Kingston poet Jason Heroux contributes just one story, the longest of all considered here. Mixed in with banal details of our unnamed narrator’s life--his eight years at Harvey’s, his high school friend’s gig as a masseuse, trips to the dentist and a strip club--"Hello in There" details his wheelchair-bound friend Ray’s efforts to end his own unhappy life. Unusually, there is actual story arc here: will Ray succeed? Are his increasingly paranoid ramblings simply medication-fuelled, or something more? Will the narrator ever hitch up his socks and move on? A nice effort that would read better at two-thirds the length.

The Vagrant Review of New Fiction, a collection of 15 new Atlantic writers, one story, each, is perforce the most varied, and uneven, of these collections.

There are some fairly obvious, one dimensional entries, including "The White Rose Barbeque" (Brent White), a picture-perfect Reader’s Digest tale of farmers and country fairs and heritage moments; "Goin’ Back to Blue Rocks" (Rhian Calcott), wherein a damaged, lower-class kid works up the gumption to leave the big city and set things right with his abusive stepfather; and "About Face" (Russell Barton), about 1950s-era schoolboys plotting against their strict, Hitleresque master.

A good majority of the stories are successful, to a point. "You, Jane" (Joanne Jefferson), as an example, a story of lesbian awakening in an academic setting that’s both genuine and a little banal, insofar as the frisson of forbidden passion no longer attaches in our enlightened times. Similar, and similarly affecting, is "Pardon-speaking Blood" (Michelle Butler Hallett), whose obvious good-heartedness allows it to climb partially over its no-longer-scandalous take on Salvation Army good works and unwed mothers.

A couple of stories stand out. "Why Do Birds?" (Lee D. Thompson), a Hitchcockian tale of a woman with an ever-present personal flock of birds, is, if a little unfinished, still legitimately discomfiting. And "I Like to Hold Your Hand", a first effort by university student Nina Lassam, who uses the Rashomon device to take two looks at death, both from the point of view of a dying father, and of a daughter who we learn he doesn’t really know.

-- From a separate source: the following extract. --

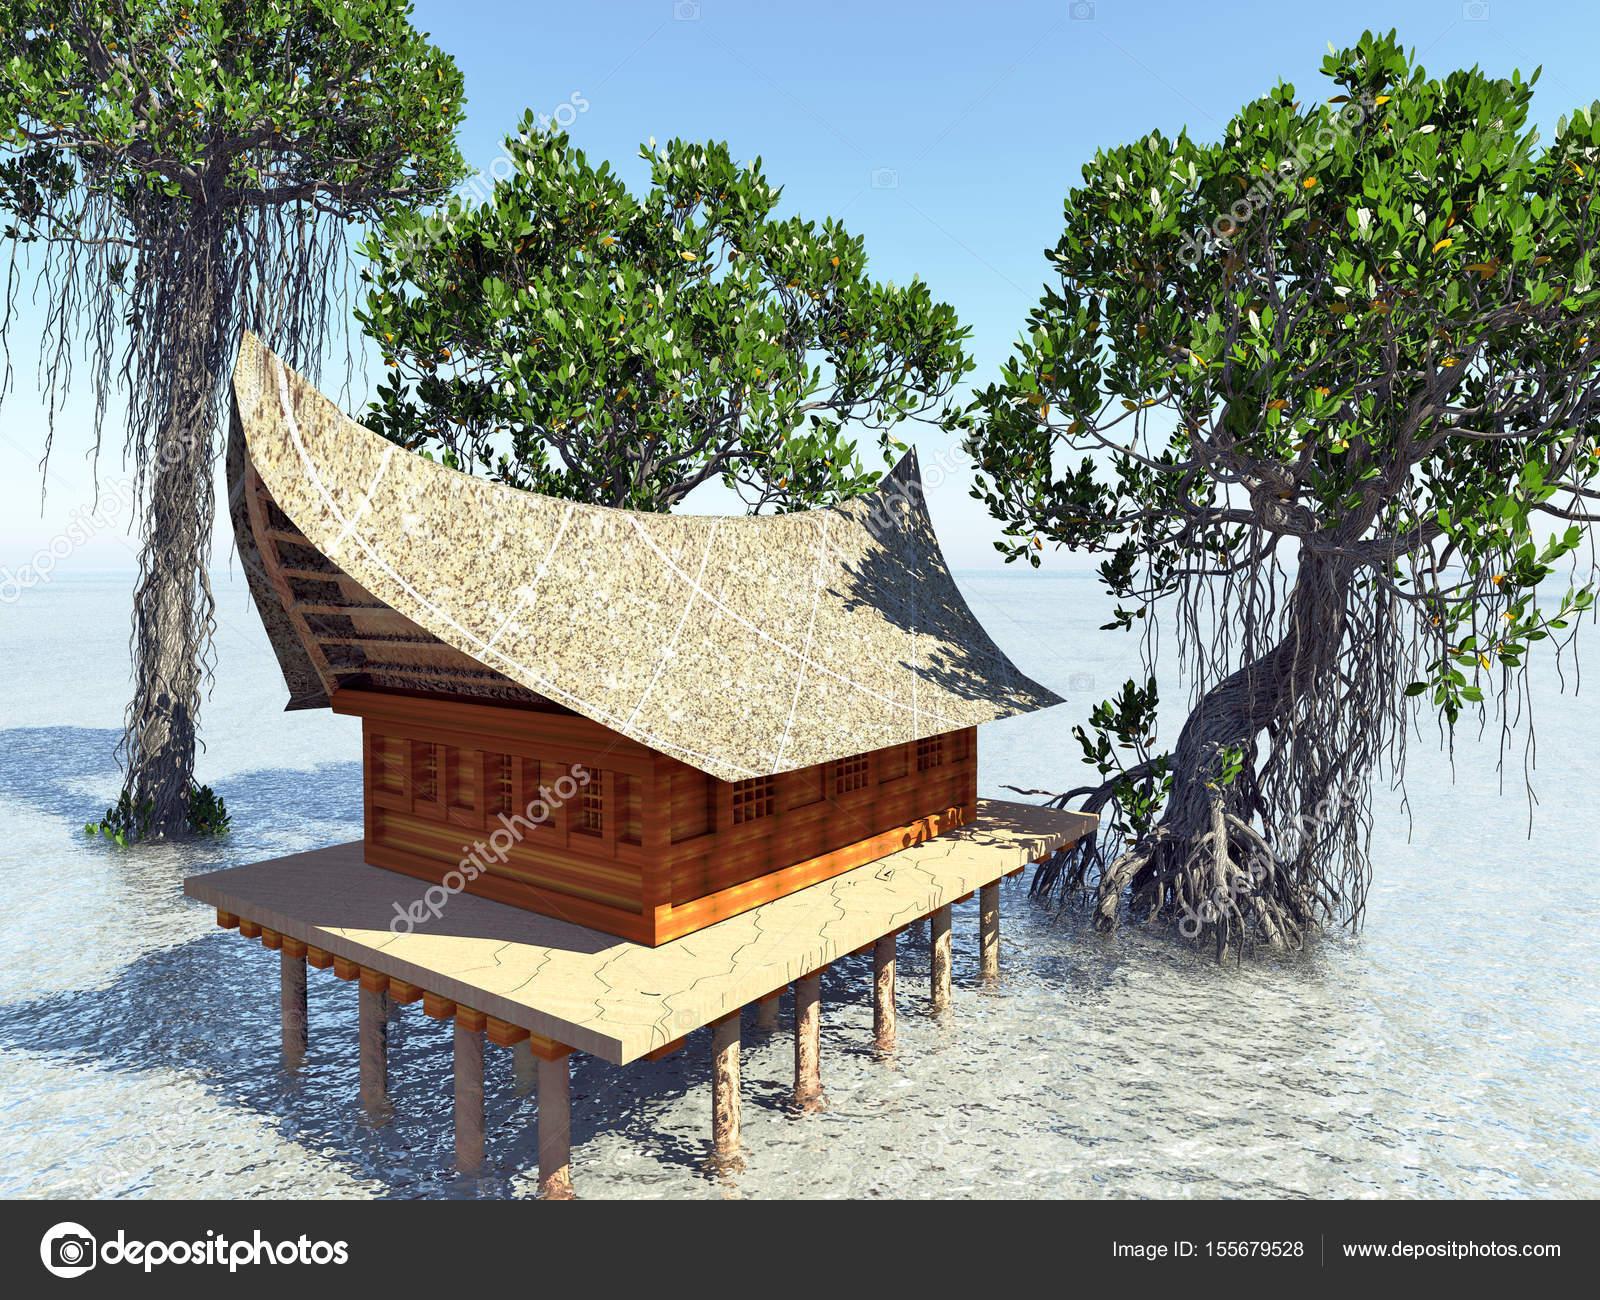 Beeindruckend Haus Auf Stelzen Foto Von In Den Mangrovenwald. Strand Architektur 3d-rendering —

One mustn’t infer too boldly from small samples, of course, and yet it’s the mind’s tendency to impose order on a random universe. So: Canadian short story writers are teachers, moonlighting poets and get more female as we move east. They care more about impressing than entertaining; as for instructing, the jury is out. Canada is fine as setting, but not as subject, at least not in the CBC-approved, telling-our-own-stories-to-ourselves kind of way. Tranche-de-vie is a de rigueur buzzword; but third act, denouement, coda--not so much.

Protagonists tend to be heterosexual, sick, angsty, mistrustful of the urban environment, unhappy, working class, and insufficiently sexed. They don’t fly to the moon, spy for Her Majesty’s government, play professional sports, or kill their spouse for the insurance money. Of elderly people, we do not speak. Visible minorities? None today, thanks.

Returning to Ms. Munro, I think it’s fair to say that her sleep shouldn’t be unduly troubled, though with the right care and feeding some of the writers here--I’d nominate Booker and Brown, at a minimum--might eventually have a shot at becoming canonical.

Torontonian Paul Duder was born in Japan, and feels that that culture--all cultures, really--would benefit from a higher class of masturbatory fodder.